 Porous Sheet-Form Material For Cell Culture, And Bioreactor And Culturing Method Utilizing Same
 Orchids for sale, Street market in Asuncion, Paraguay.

* * *

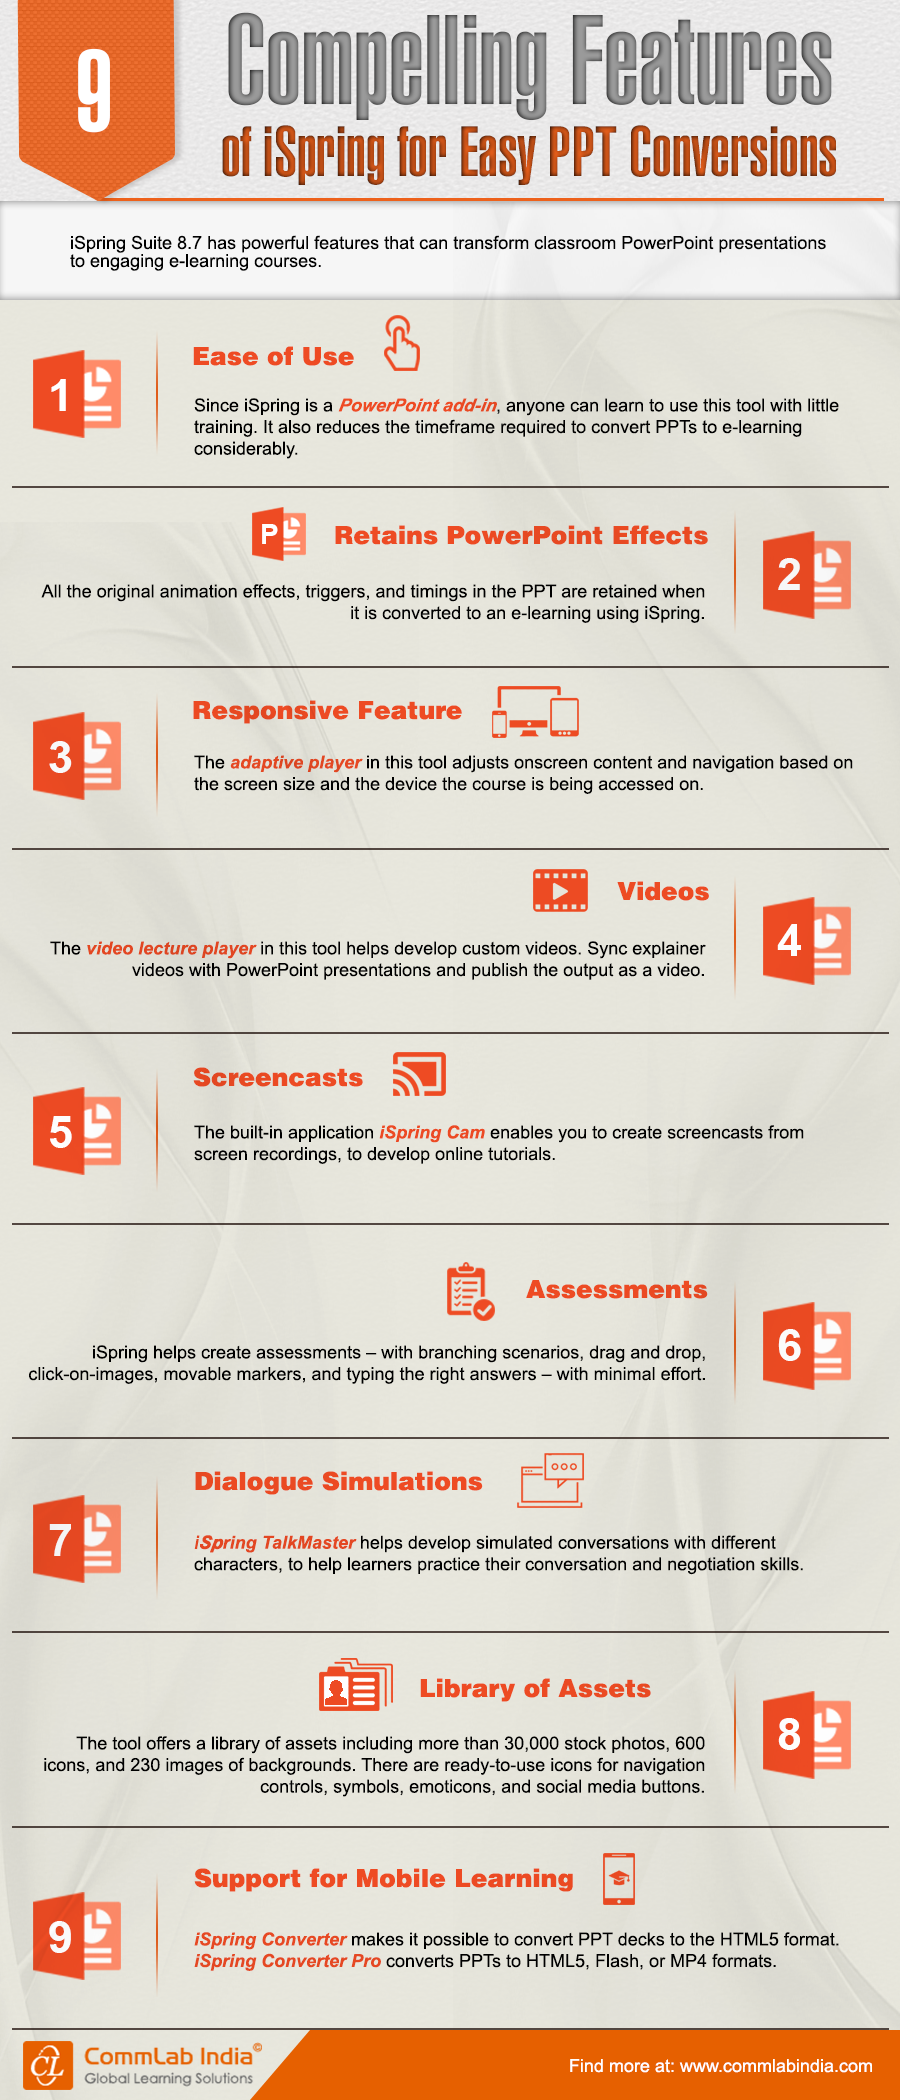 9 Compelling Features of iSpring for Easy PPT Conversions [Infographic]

...

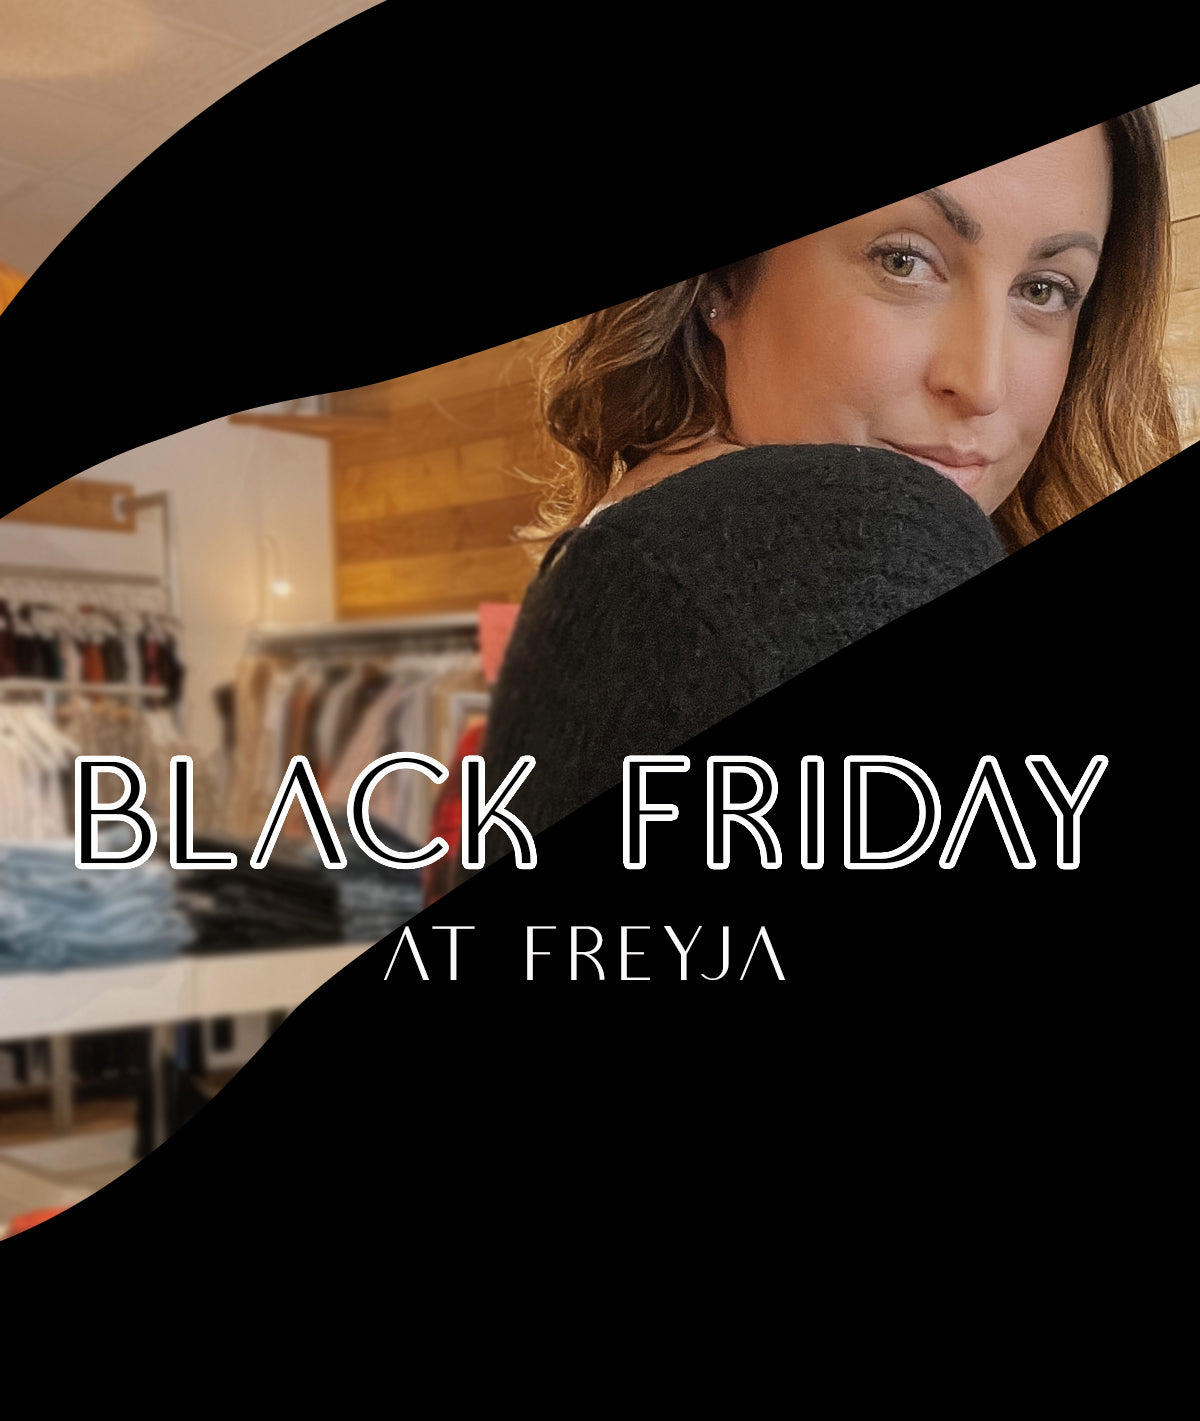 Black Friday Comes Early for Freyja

## Your assignment
Going down the listing above, begin printing at the line with "Porous Sheet-Form Material" and finish with the line with "Orchids for sale, Street", exactly as they appear.

## Solution below
 Porous Sheet-Form Material For Cell Culture, And Bioreactor And Culturing Method Utilizing Same
 Orchids for sale, Street market in Asuncion, Paraguay.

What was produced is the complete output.